To my mind it’s a combination of things. A need to worship something seemingly
attractive and greater than themselves… a need to connect into a popular
phenomenon like a political leader or group of musicians like a rock band. Why
for example do huge numbers of youths and adults attend open air pop music
concerts? It couldn’t be the music itself because the lyrics are convoluted and
barely audible. No, it’s a case of being there and identifying with the group
itself, in essence its celebrity.
Identification is the vehicle, but identification
between what? Something within you and something in them! In you it’s a need.

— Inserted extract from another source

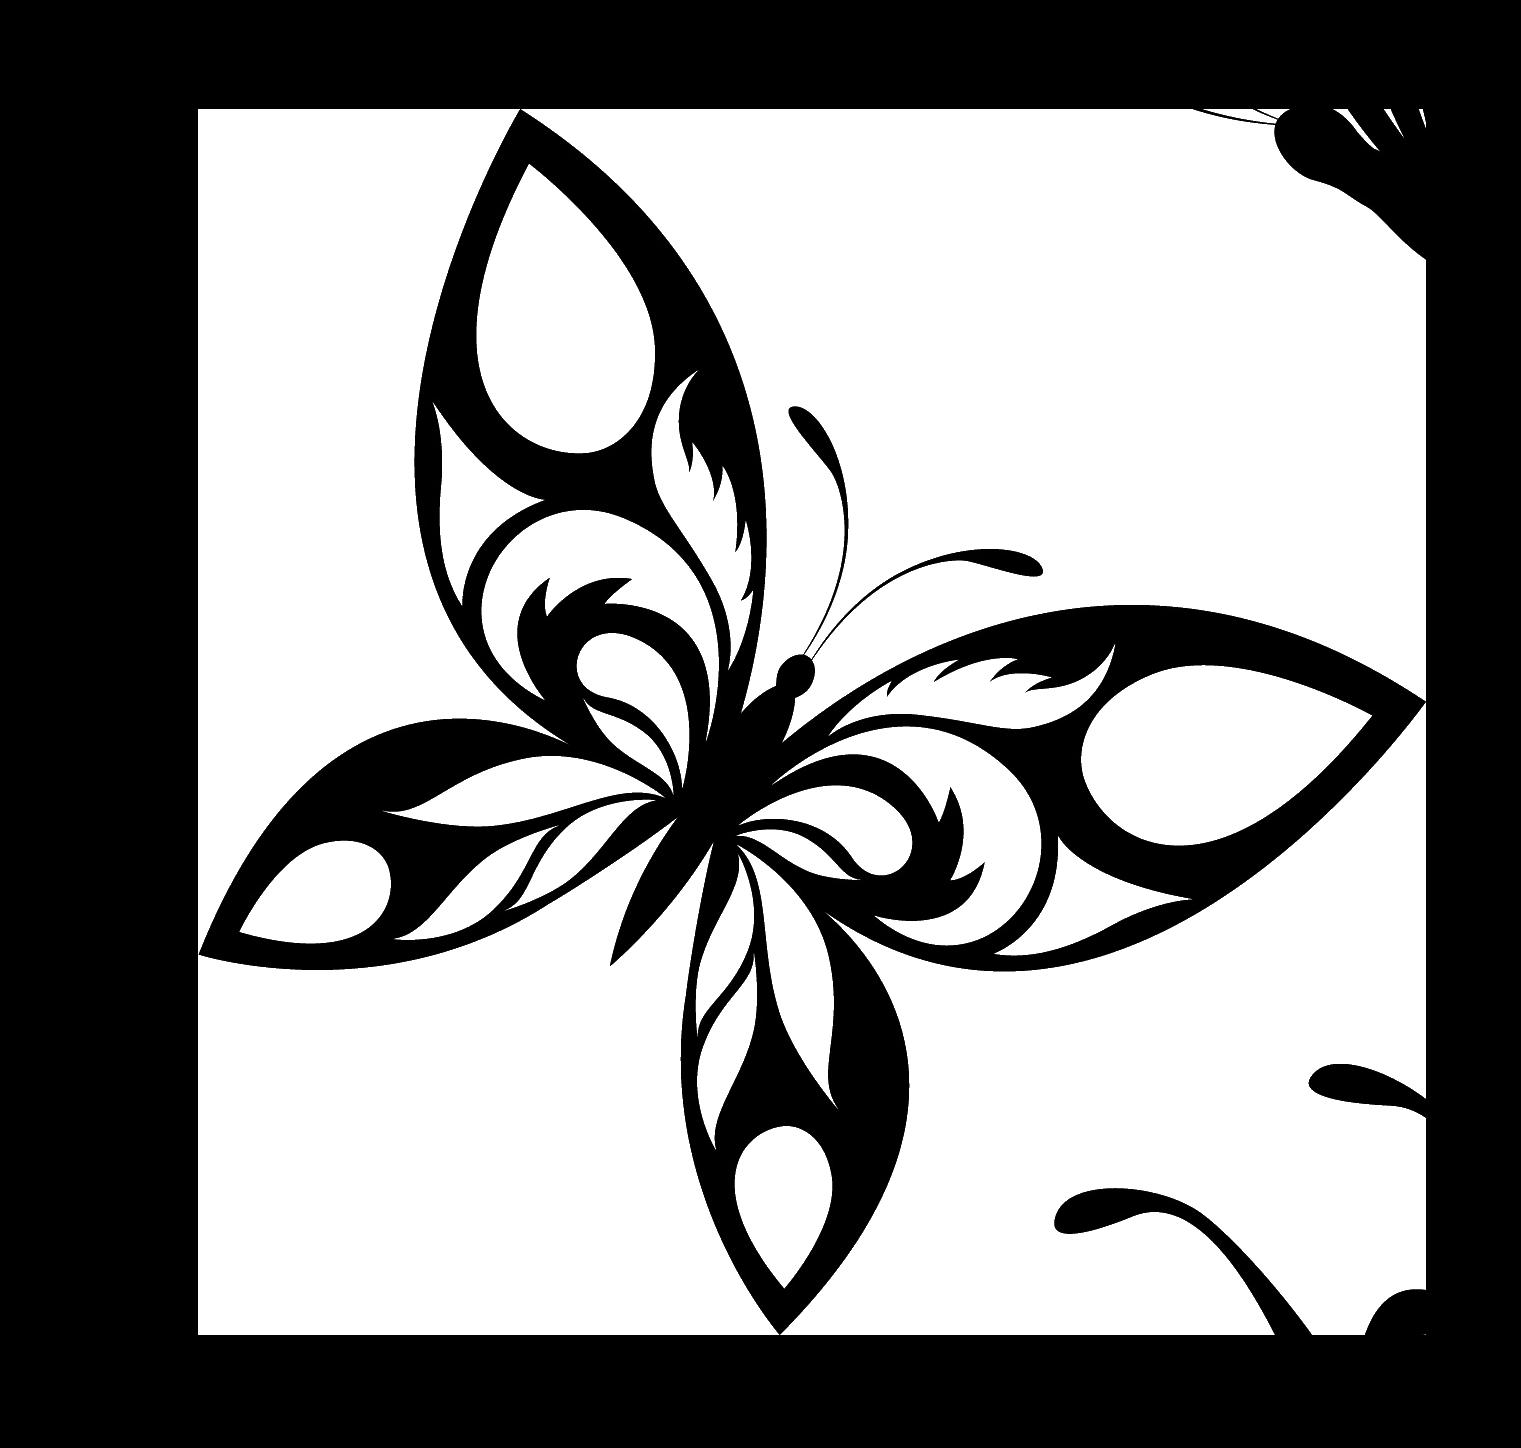 1521x1448 Creating Digital Tattoo S In Corel Paintshop Pro Knowledge Base

Understood by those who promote. In them it’s a facility to present. Your need
and their offering! Interaction at a level of psyche. But then is this need to
love and adore, if that’s what it actually is, in any way rational? Well
actually it’s not and that’s the key to it all. It’s a basic personality
disorder! Celebrity taps into an irrational need in so many people, something
well understood by those who seek to manipulate, whether it’s the social media
pimps who promote people like products or the barely hidden socio-political
Establishment of power and wealth? It is they who exploit the generalised
personality disorder within the general public. Entertainment, an essentially
passive process, is activated for the purpose of participation, of bonding with
the performer. You are removed from the reality of life to an emotional
somewhere else. Temporarily or permanently damaged as a social actor.
Fine. Go on worshipping your Premier Star or Celebrity
media performer trying to get out of somewhere or other. They live in mansions.
You eat your fish and chips. And do you really care anymore anyway? That’s the
real question. Are you still ABLE to care anymore, or has celebrity taken that
away from you too?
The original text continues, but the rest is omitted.